The rift between Muslims and non-Muslims continues to be inured by many politicians and the press. This continues at the expense of community, national and world peace.
Whenever an incident of minor or major proportions occurs at the hand of one who claims to be Muslim, this person's religious preference is reported.
Whether that person decides the moment of the incident that he or she were Muslim and understands nothing of the theology of Al-Islam, the press reports, "Muslim" commits such and such.
The press does this only when it discovers that this person purports to be a Muslim. If the person is a Christian, the press does not say "Christian" committed such and such a crime or atrocity.
If the press did so report, every morning that we pick up the newspaper, we would see a headline reporting heinous acts committed by Christians and others far more often than you would see the headline about a Muslim.

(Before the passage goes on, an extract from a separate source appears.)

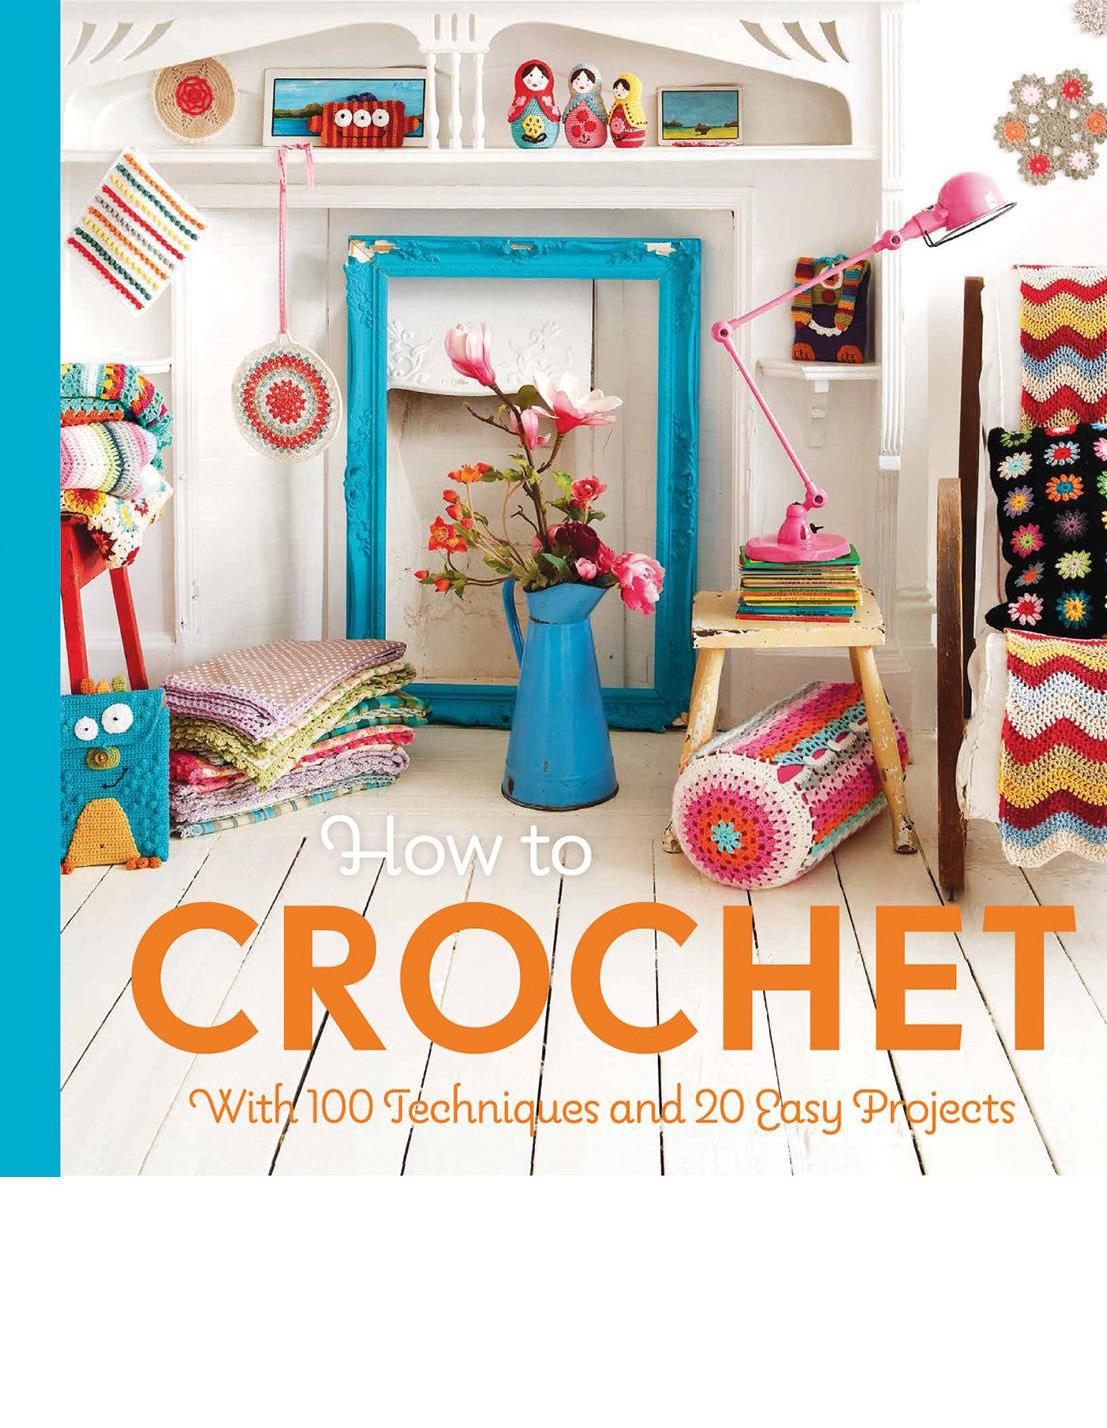 How to Crochet - Pattern Book by Mollie Makes

Of the millions of crimes committed in America annually, the overwhelming proportion of these crimes are committed by non-Muslims.
Every day we are reading about the savage and barbaric acts being carried out in Bosnia and Herzegovina against Muslims. We have yet to hear the press report on the religious beliefs of the Europeans carrying out these atrocities.
Were the Muslims carrying out an "ethnic cleansing" genocide program against their European counterparts in Bosnia and Herzegovina, the world would be made to believe that this is the worst thing ever done against a group of human beings. Why doesn't the . . . press speak more loudly about these atrocities?
It is the identical scenario that took place in Germany during the Jewish Holocaust that was only prolonged because those that could and should have spoken out and stood up against this human catastrophe did not.
The American and European press, it appears to me, will not let the crusades of the Middle Ages end. It appears that they are dreaming of some protracted victory against the Muslims for the honor of Europe.
9- I suppose this is even a greater tragedy.
Ronald R. Shakir
The writer is resident imam of Masjid Walter Oman in Baltimore.